━━━ Data for this task

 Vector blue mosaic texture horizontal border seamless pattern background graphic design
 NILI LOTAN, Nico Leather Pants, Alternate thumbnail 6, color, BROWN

━━━━━━
━━━ Data for this task

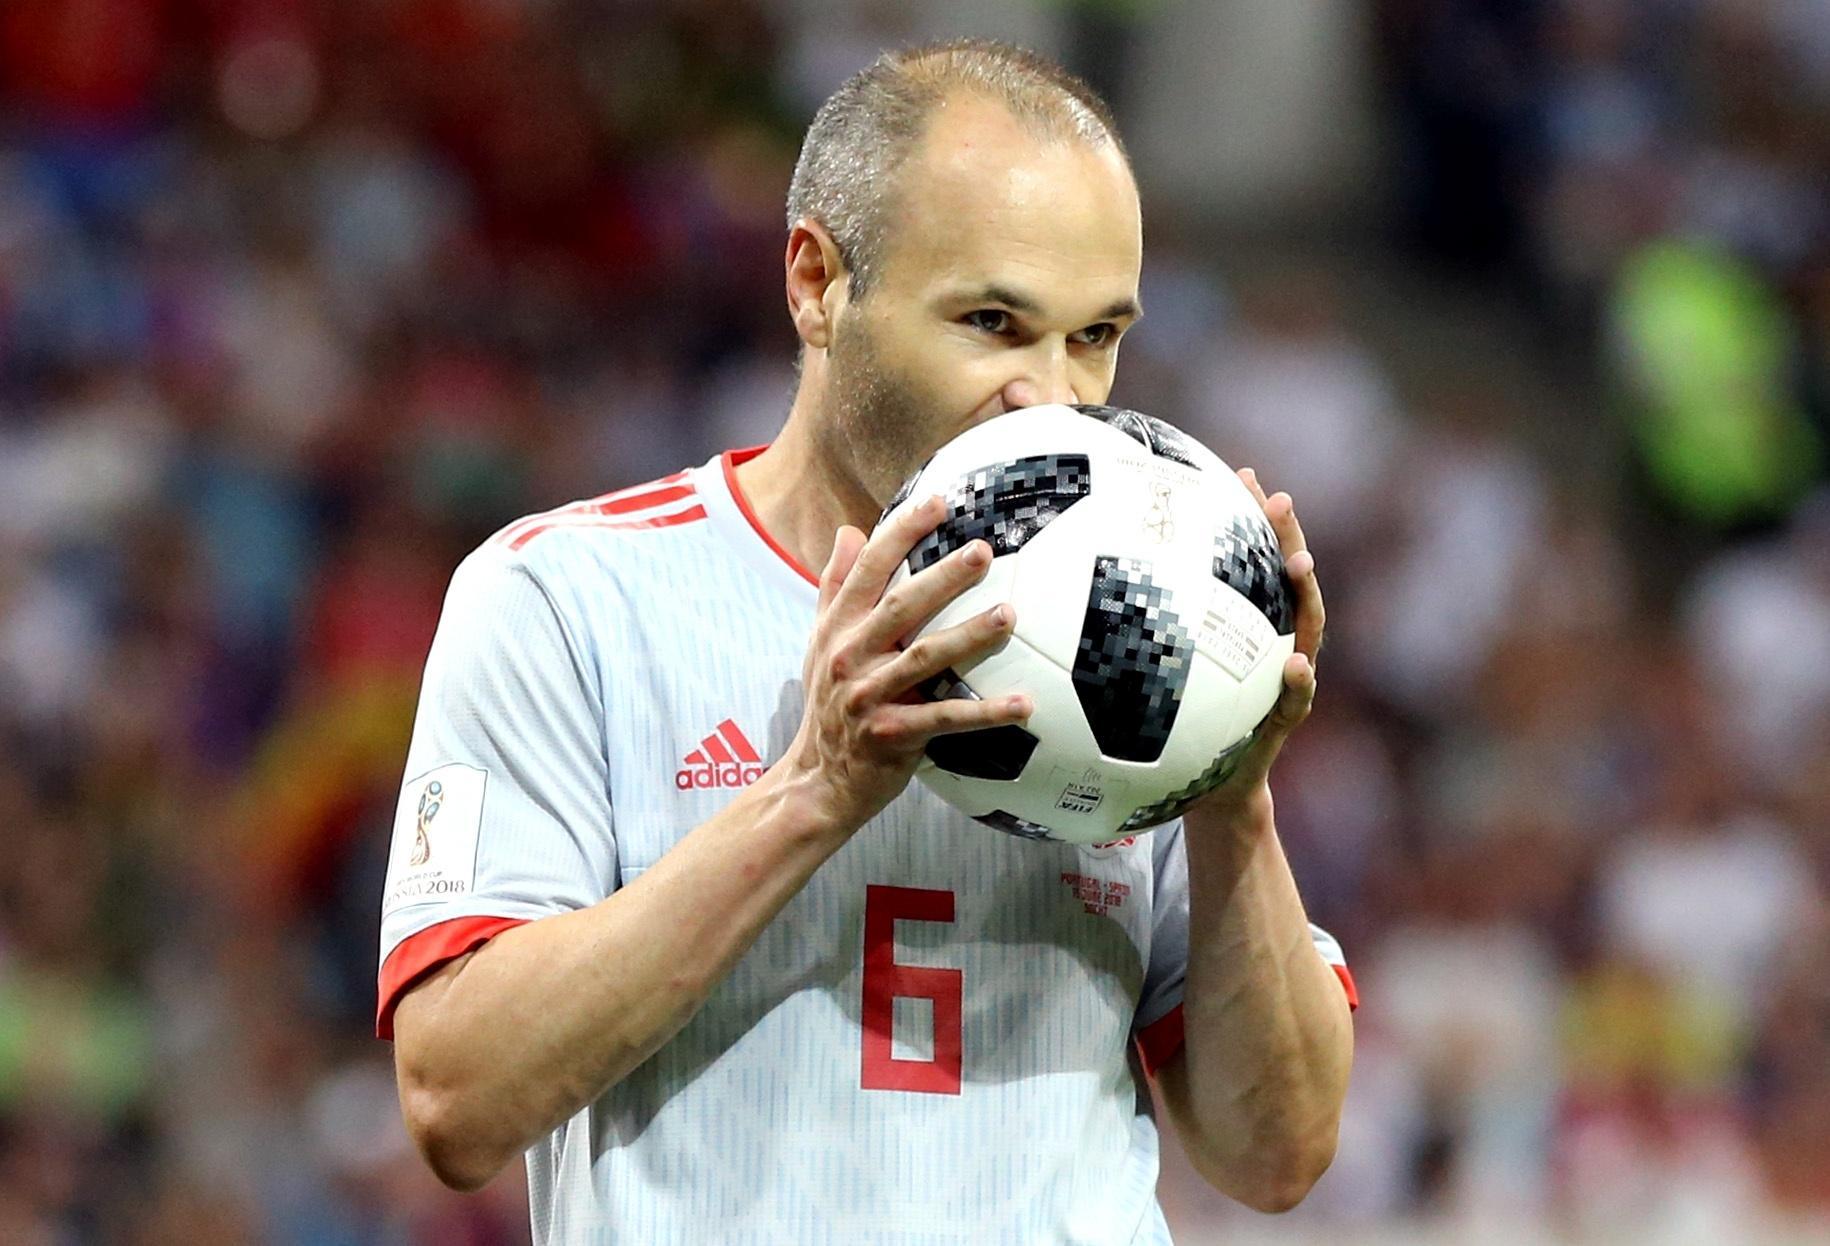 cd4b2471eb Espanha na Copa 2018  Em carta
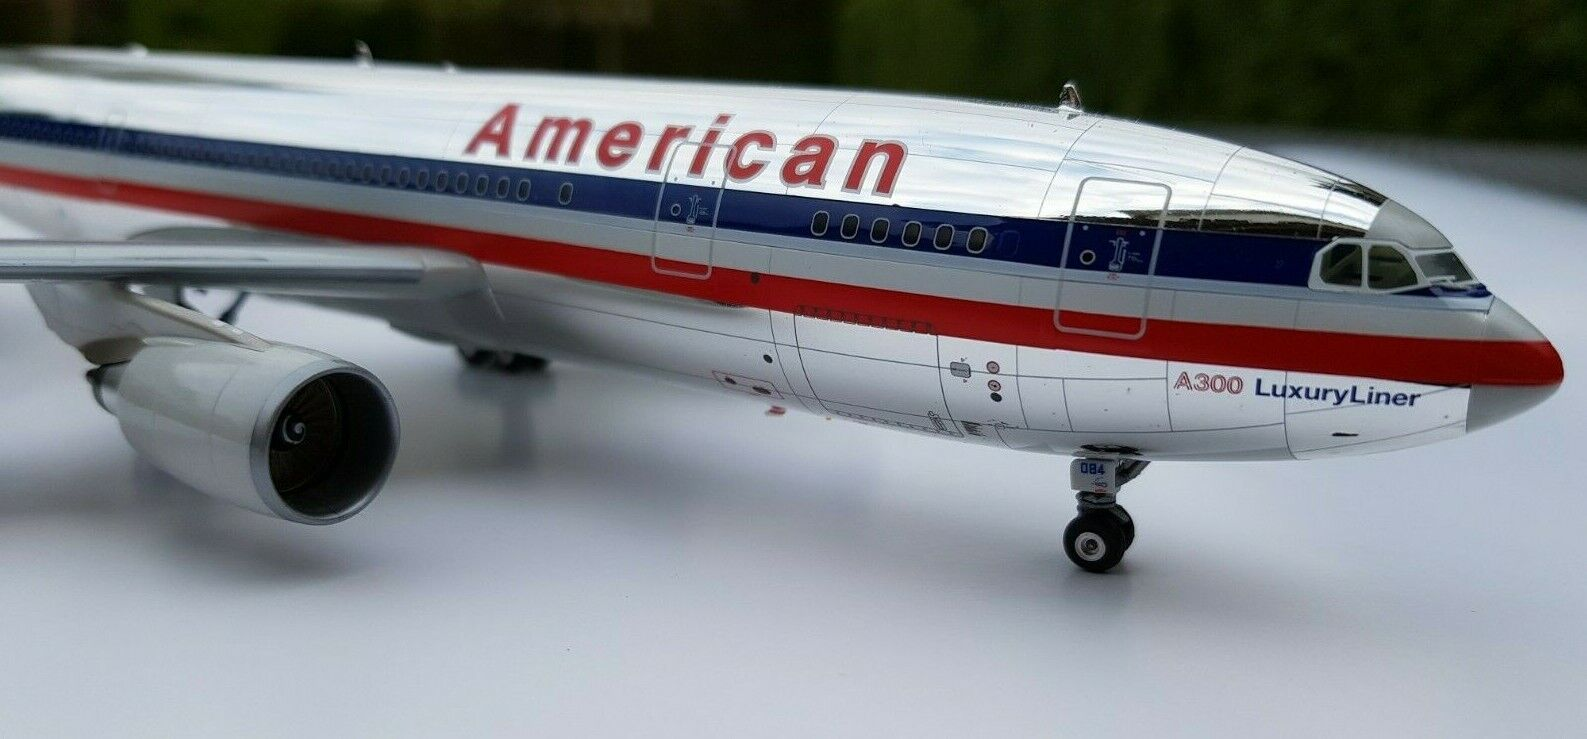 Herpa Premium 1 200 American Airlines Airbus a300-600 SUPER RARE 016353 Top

━━━━━━
━━━ Data for this task

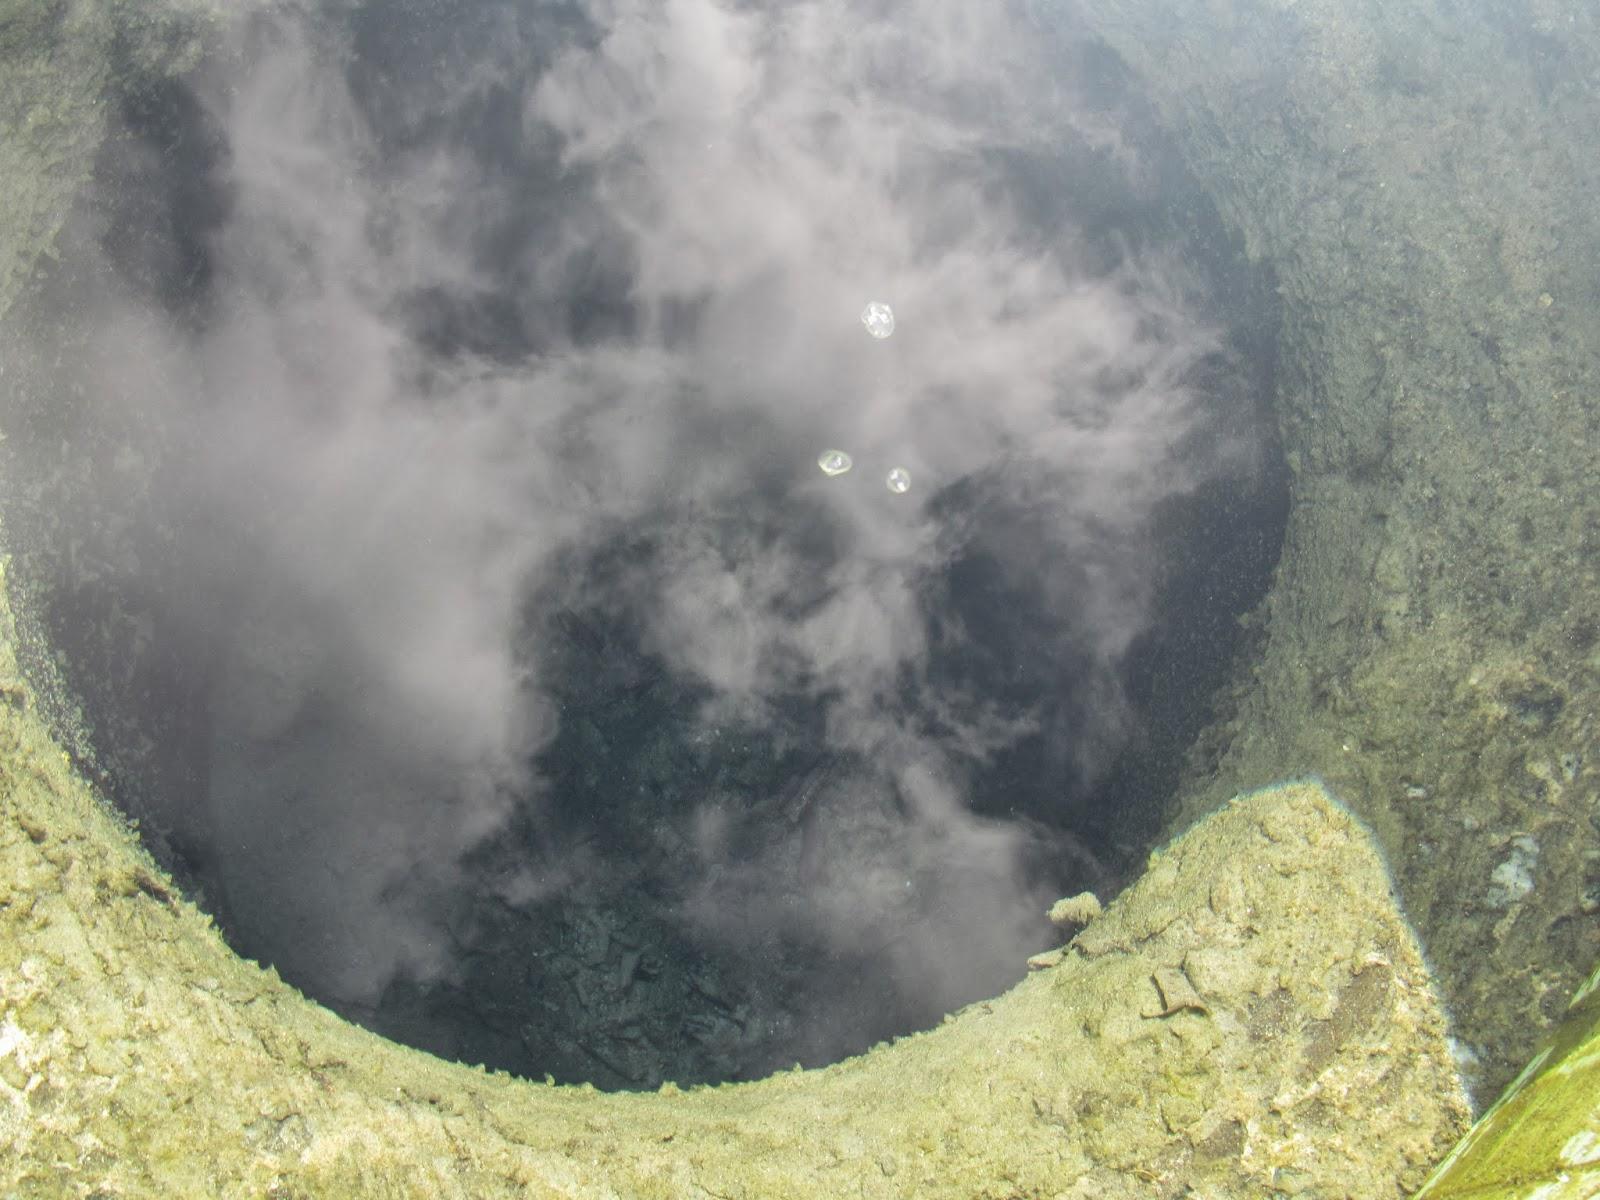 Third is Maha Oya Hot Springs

━━━━━━

What the exercise asks -
Look through the entries above and quote exactly the lines from the line with "Vector blue mosaic" to the line with "NILI LOTAN, Nico", counting both of those lines.

Solution -
 Vector blue mosaic texture horizontal border seamless pattern background graphic design
 NILI LOTAN, Nico Leather Pants, Alternate thumbnail 6, color, BROWN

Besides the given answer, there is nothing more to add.